The present invention relates to valve timing mechanisms, and in particular to variable valve timing mechanisms for internal combustion engines.

It is known that the volumetric efficiency of for example a four stroke poppet valve internal combustion engine is a function of the valve timing. An engine with a valve timing such that the inlet valve opens slightly before the piston is at the top dead centre (TDC) position and closes slightly after the piston is at the bottom dead centre (BDC) position will result in good volumetric efficiency and hence good torque characteristics at low engine speeds. In contrast, if good volumetric efficiency and hence high power is to be obtained at high engine speeds it is necessary for the inlet valve to open substantially before the piston is at the TDC position and close substantially after the piston is at the BDC position.

A further problem met when considering valve timing mechanisms is that of inlet and exhaust valve overlap, that is the condition in which both the inlet and exhaust valves are open when the piston is approaching and departing from the TDC position. The reduction of this overlap at low engine speeds results in reduced exhaust emissions by preventing a proportion of the incoming air/fuel charge from going into the exhaust system. It is also known that benefit can be obtained by retarding the opening of the exhaust valve at low engine speeds so as to obtain more work out of the expansion stroke and thereby reduce fuel consumption, and by advancing the opening of the exhaust valve at the high engine speeds, so as to avoid work in scavenging the exhaust gases.

In view of the above, engines with fixed valve timing must be a compromise.

It is an object of the present invention to provide a valve timing mechanism which avoids the problems associated with known valve timing mechanisms.

According to the present invention, there is provided a valve timing mechanism for an internal combustion engine including at least one valve-actuating camshaft driven from a crankshaft, the mechanism comprising a movable member which is arranged in use to be rotatable by the crankshaft and movable in translation relative to the camshaft in dependence upon an engine operating condition, the movable member being connected to the camshaft by an eccentric linkage such that movement of the movable member relative to the camshaft varies the angular position of the camshaft relative to the crank and also varies the rate of angular movement of the camshaft, thereby varying the valve timing.

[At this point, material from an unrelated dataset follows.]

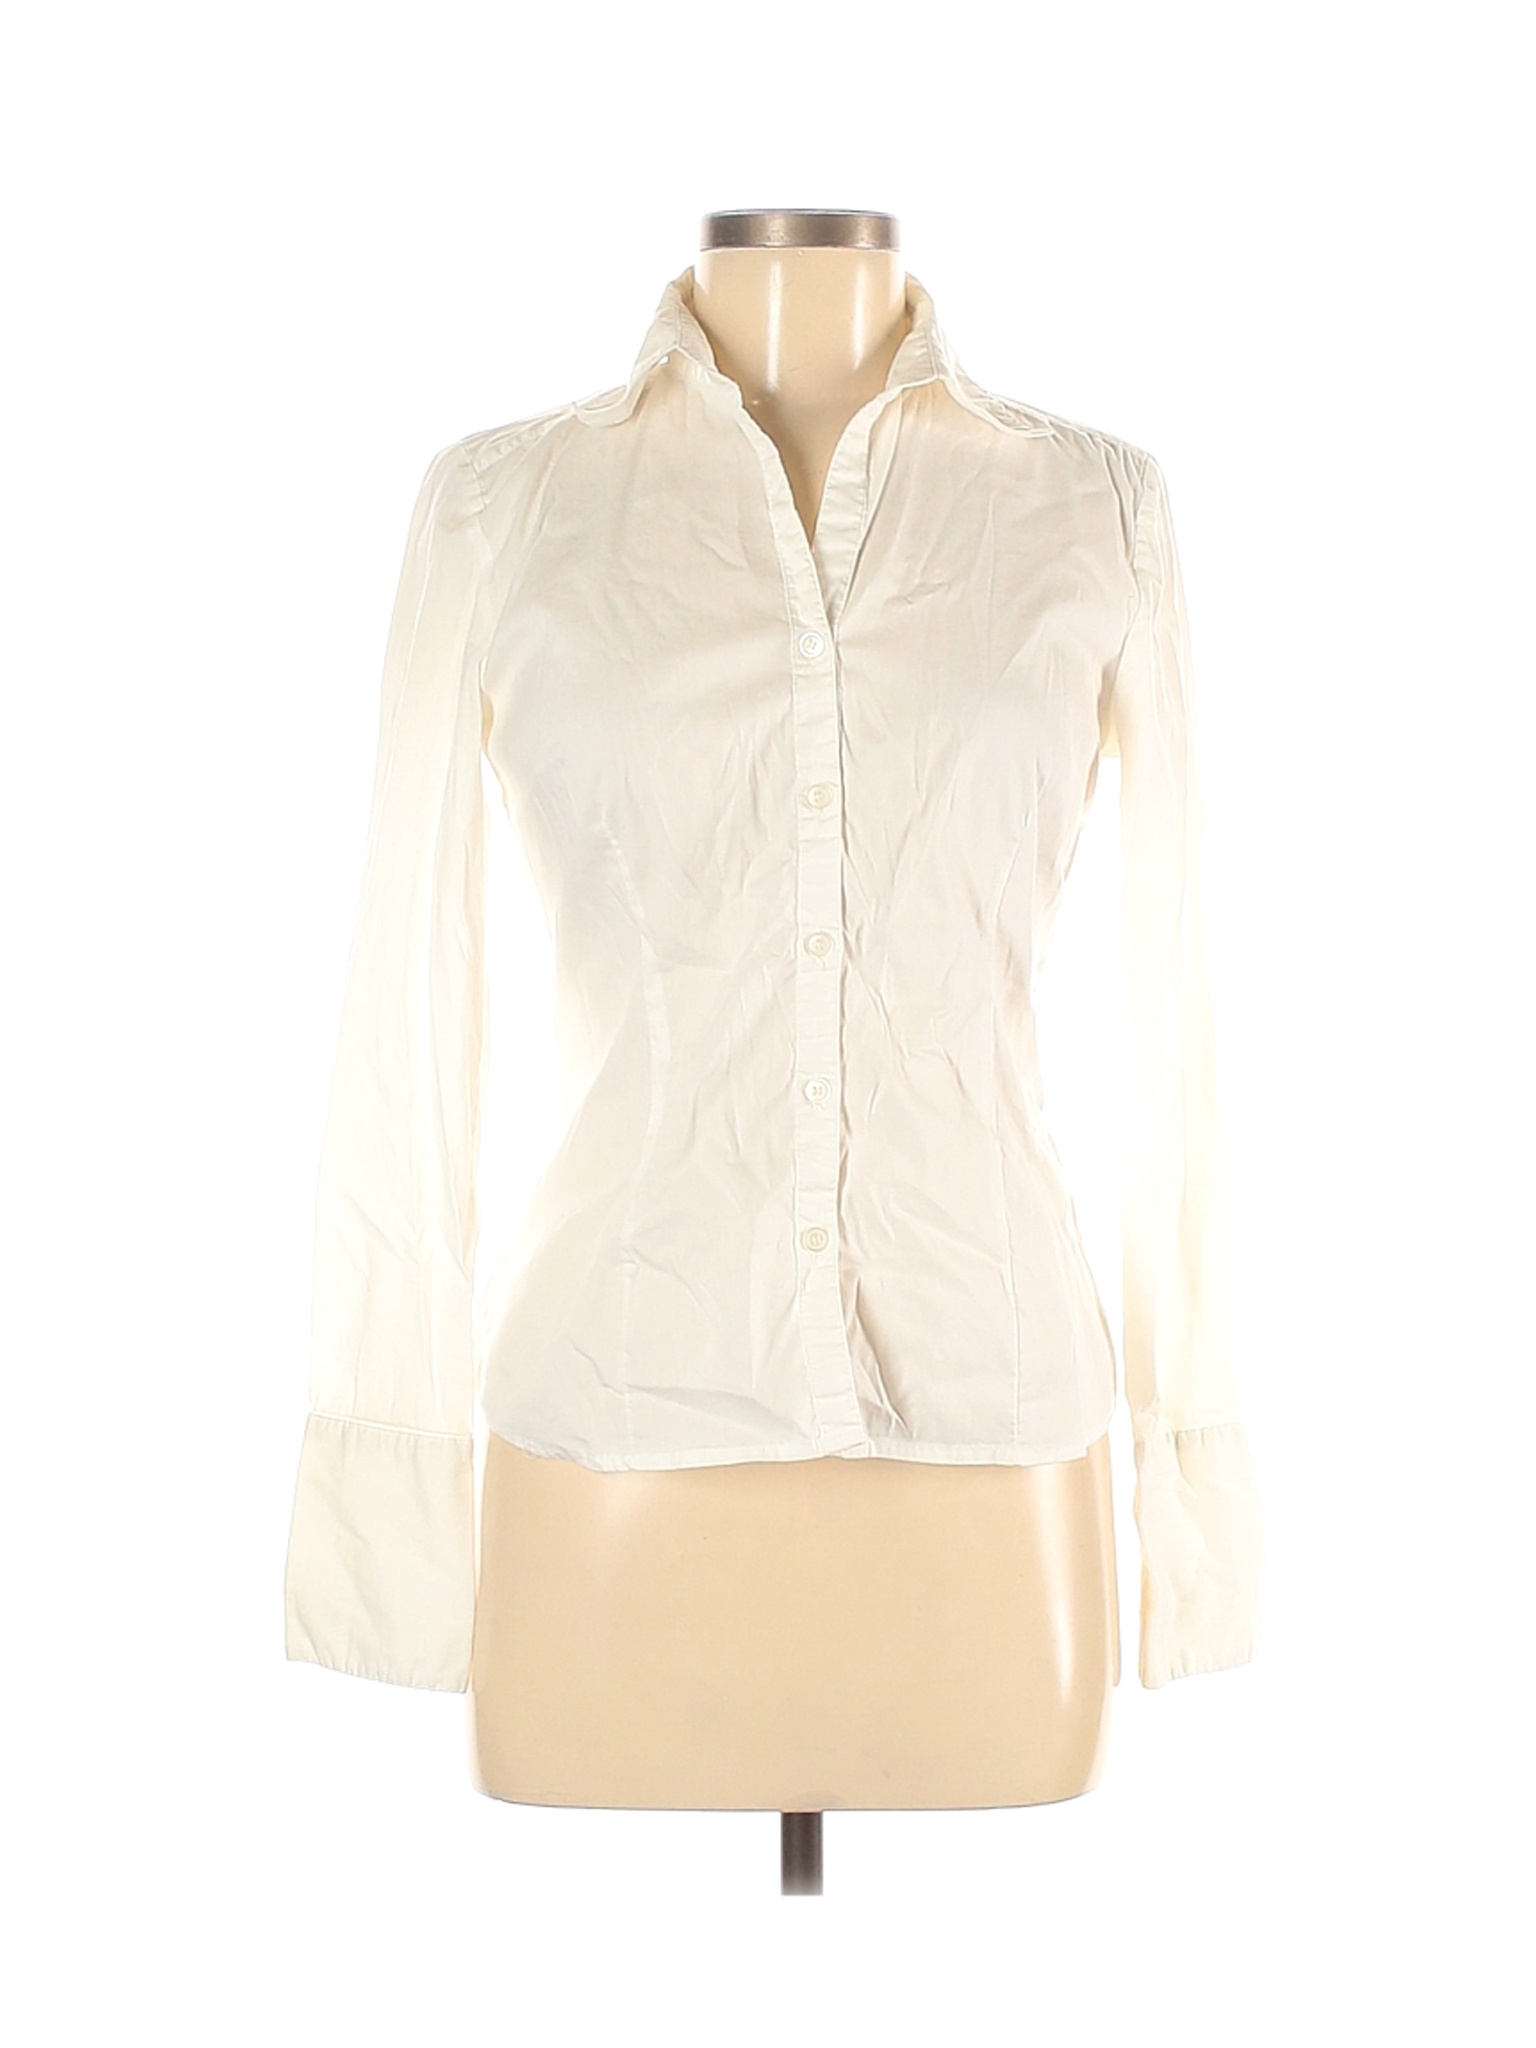 H&M Women Ivory Long Sleeve Button-Down Shirt 6 | eBay

The present invention also provides an internal combustion engine comprising at least one cylinder, at least one inlet and at least one exhaust valve for the or each cylinder, camshafts for opening the inlet and outlet valves of the or each cylinder, a crankshaft, and means for driving the camshafts from the crankshaft, the driving means comprising a movable member which is rotatable by the crankshaft and connected to at least one camshaft by an eccentric linkage, and the movable member being movable in translation relative to said at least one camshaft in dependence upon an operating condition of the engine, movement of the movable member causing the eccentric linkage to vary the angular position of the camshaft relative to the angular position of the crankshaft and also to vary the rate of angular movement of the camshaft, thereby varying the valve timing.

Preferably the movement in translation of the member is in dependence upon engine load and/or speed. The movable member may be supported on a pivotal arm or alternatively may be mounted on a slide for example.

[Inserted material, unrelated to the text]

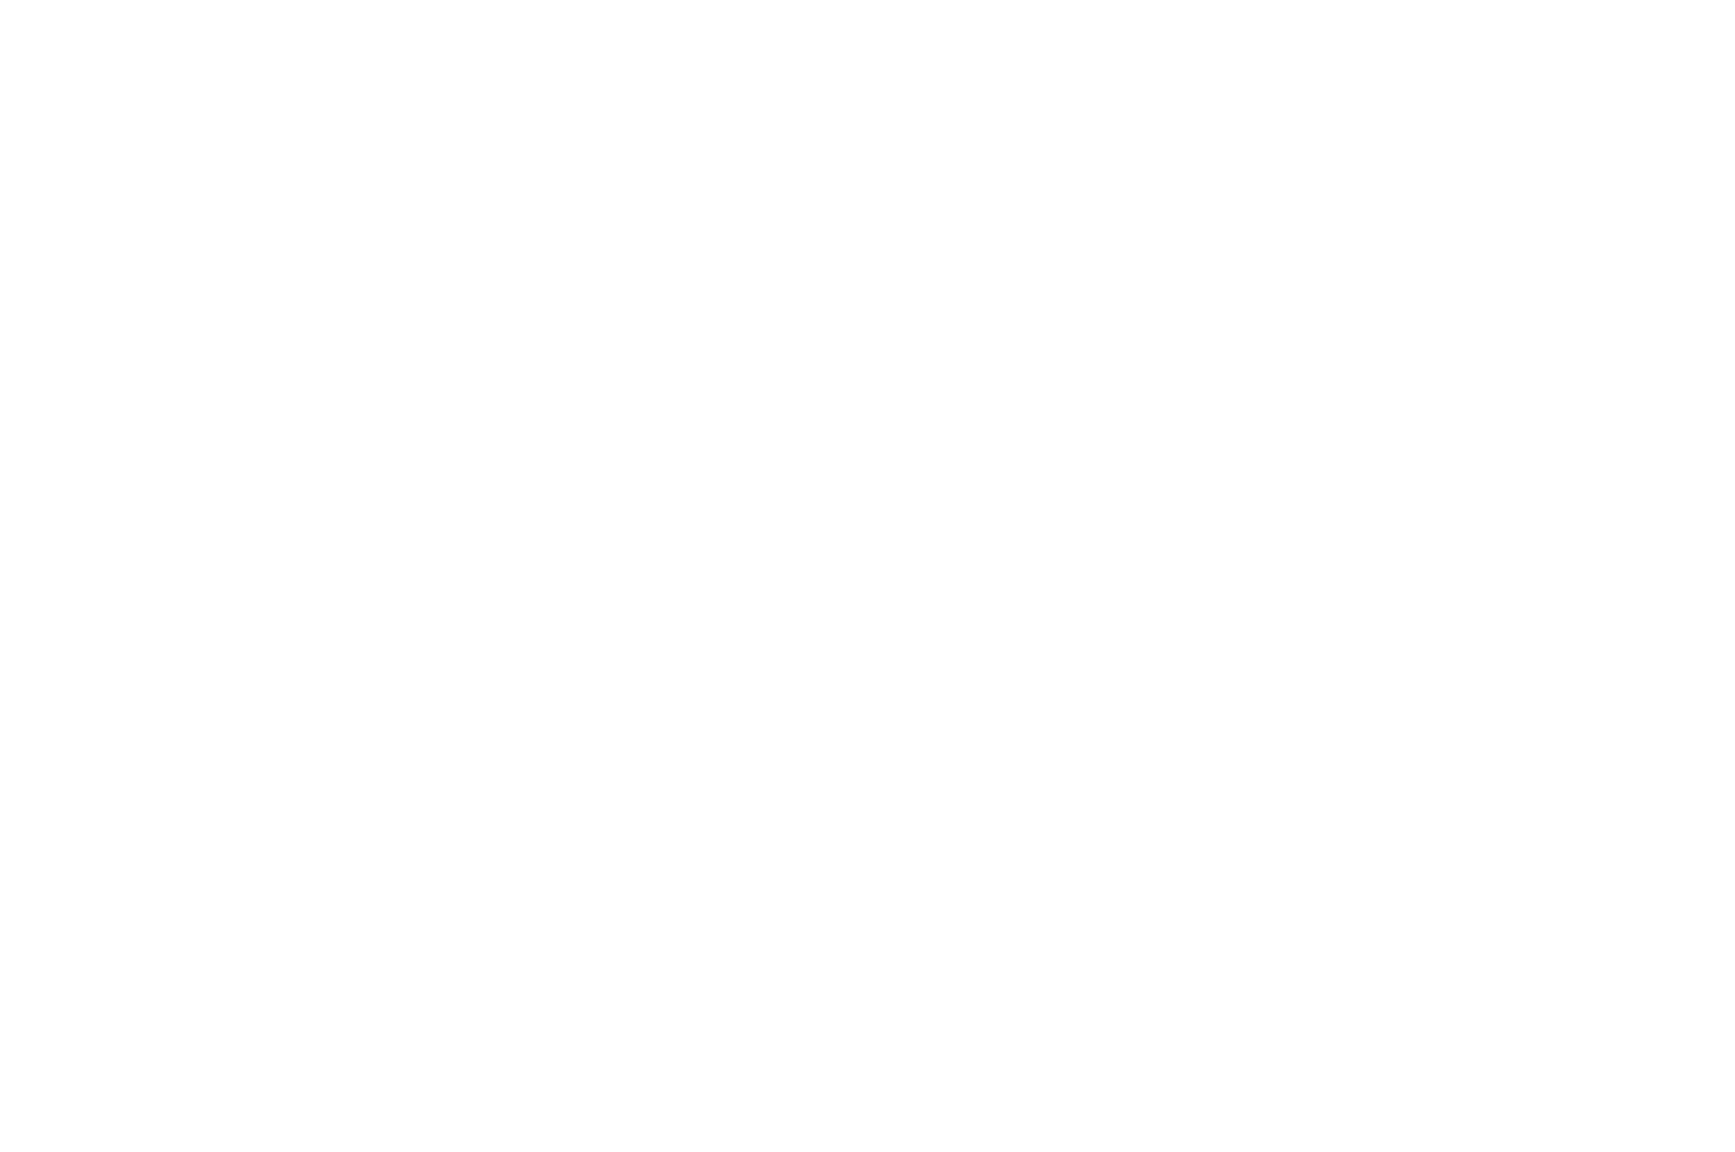 OFFICIAL SELECTION - Independent Days International Filmfestival - 2021

The pivotal arm or slide can be arranged so that the opening and closing of the inlet and exhaust valves can be varied together in response to engine speed variations and also the opening and closing of the inlet valves relative to the opening and closing of the exhaust valves can be varied in response to engine load variations.

The movable member is advantageously in the form of a plate provided with a radial slot which slidably receives a follower supported eccentrically by the camshaft. Alternatively, the movable member may support an eccentrically mounted follower which is slidably received in a slot in a plate supported by the camshaft.

An embodiment of the present invention will now be described by way of example with reference to the accompanying drawings, in which:

FIG. 1 is a sectional view through the cylinder of an engine embodying the present invention;

FIG. 2 is a sectional view on the line 2--2 of FIG. 1;

FIG. 3 is a sectional view on the line 3--3 of FIG. 1;

FIG. 4 is a sectional view of a portion of FIG. 2 to an enlarged scale and showing more detail;

FIGS. 5, 6 and 7 show the same view as FIG. 4 with components of the engine being relatively displaced;

FIG. 8 illustrates the angular movement of an inlet camshaft under varying conditions;

FIG. 9 is a detailed sectional view of a piston and cylinder arrangement such as that shown in FIG. 3, but arranged to control an alternative valve timing mechanism according to the present invention; and

FIG. 10 is a schematic diagram of one camshaft arrangement which may be used in accordance with the present invention.

Referring to FIG. 1, the illustrated engine has many conventional features which it is considered do not need detailed description. The engine has four cylinders 1,2,3 and 4 each having two inlet valves 5 and two exhaust valves 6. Four inlet valve camshafts 7,8,9 and 10 are shown, four exhaust valve camshafts also being provided but not shown in FIG. 1. Camshafts 7 and 10 are driven by shaft extending through camshafts 8 and 9. A crankshaft 11 drives a rotatable member 12 via gears 13 and 14, the member 12 being supported on an arm 15 pivotal about a journal 16 on which the gear 14 is supported.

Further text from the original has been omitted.